◆ Exercise: A verbatim copy of the listing is needed; pictures are to be left out.

◆ Supplied material:
──────

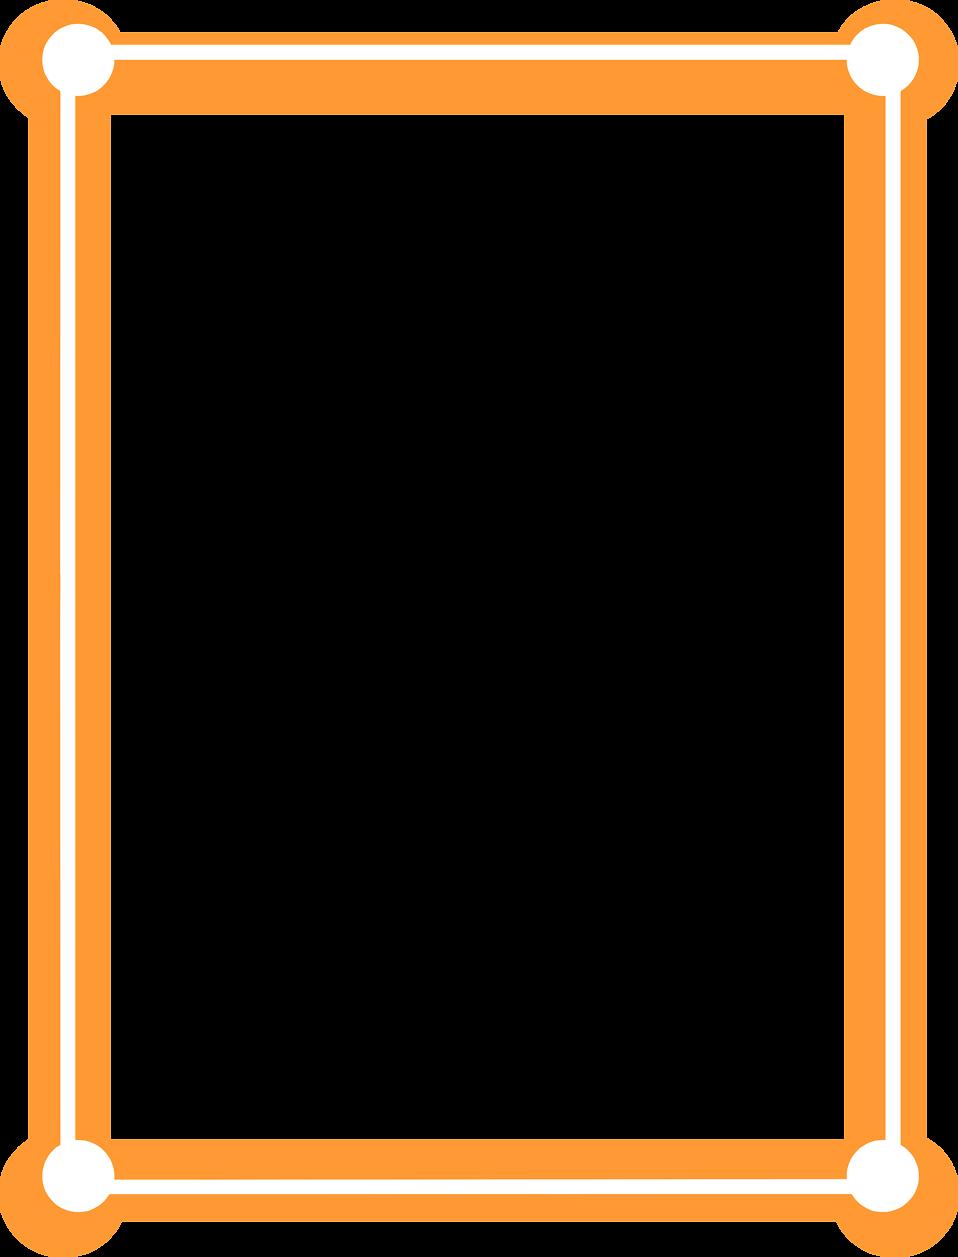 Orange flower border clipart jpg black and white library Orange Border Frame PNG Picture | PNG Mart jpg black and white library
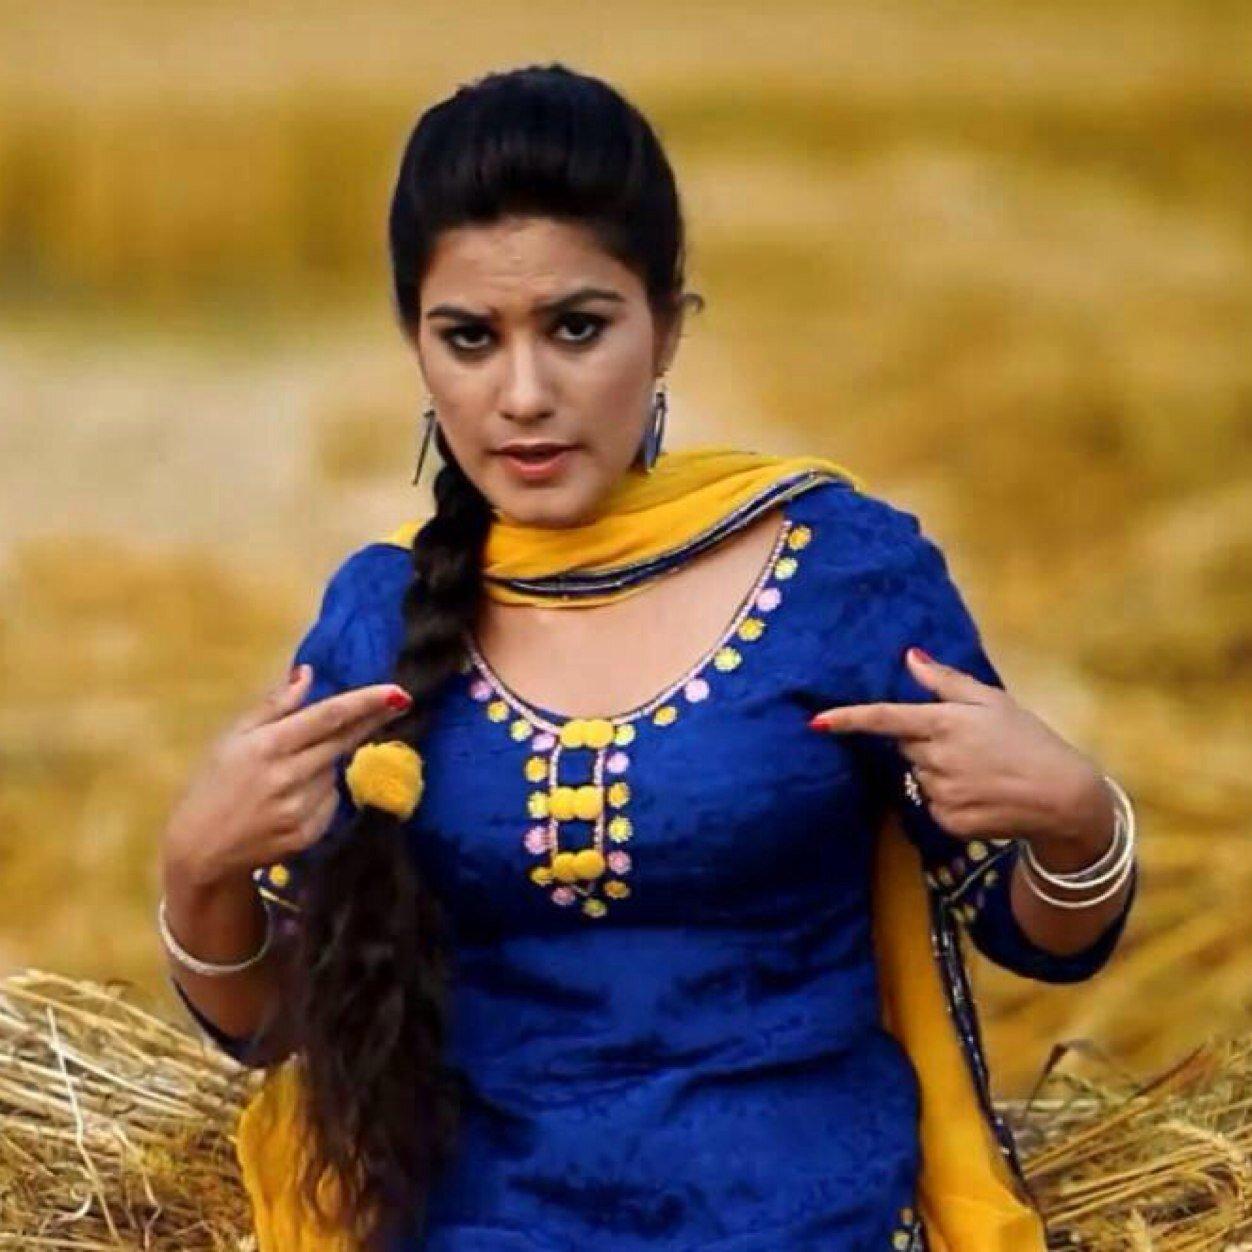 Panjabi girl
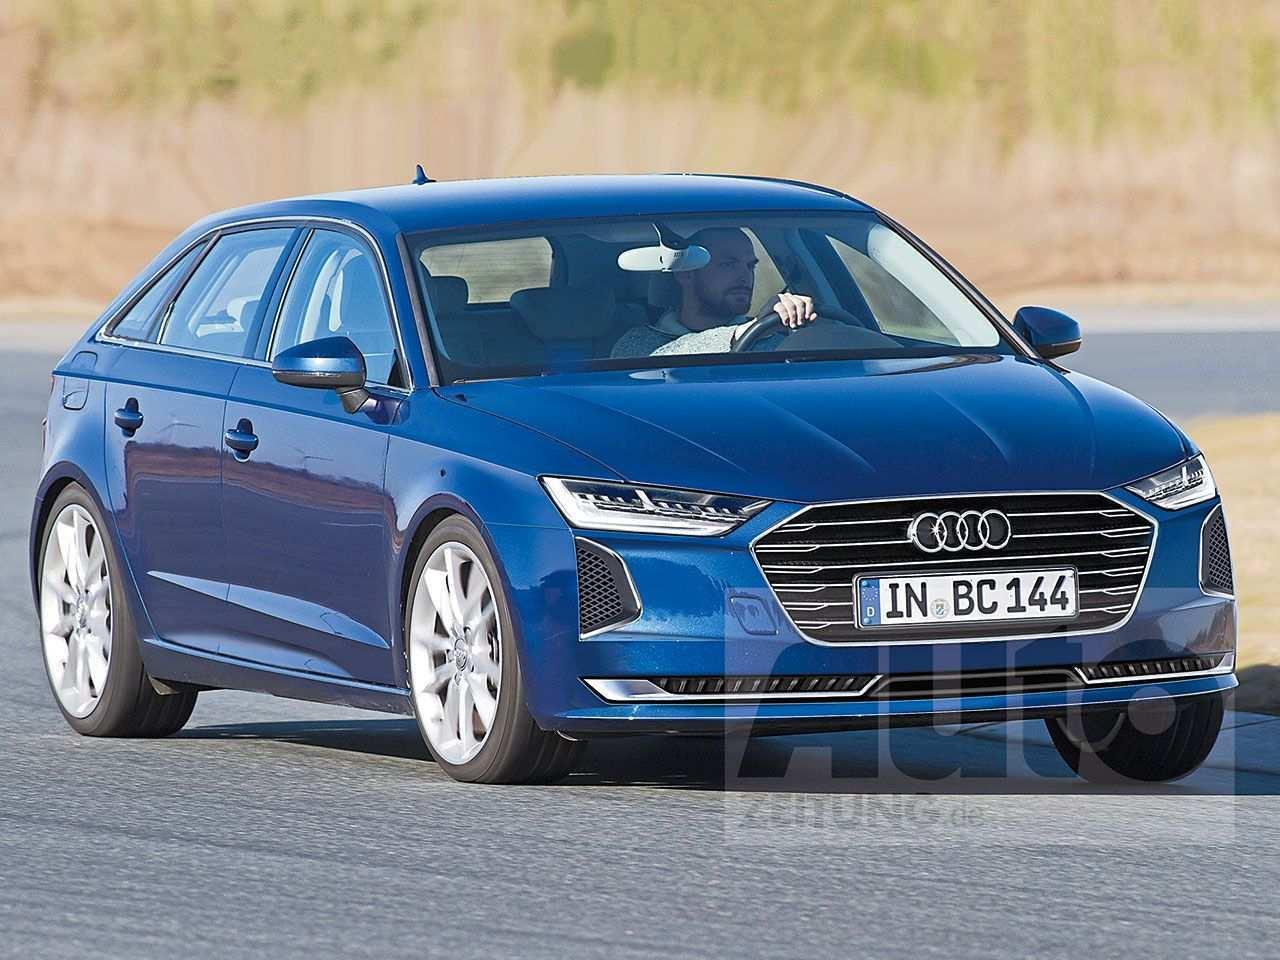 25 Concept of 2020 Audi Q4s Engine by 2020 Audi Q4s

──────

◆ The answer:
 Orange flower border clipart jpg black and white library Orange Border Frame PNG Picture | PNG Mart jpg black and white library
 Panjabi girl
 25 Concept of 2020 Audi Q4s Engine by 2020 Audi Q4s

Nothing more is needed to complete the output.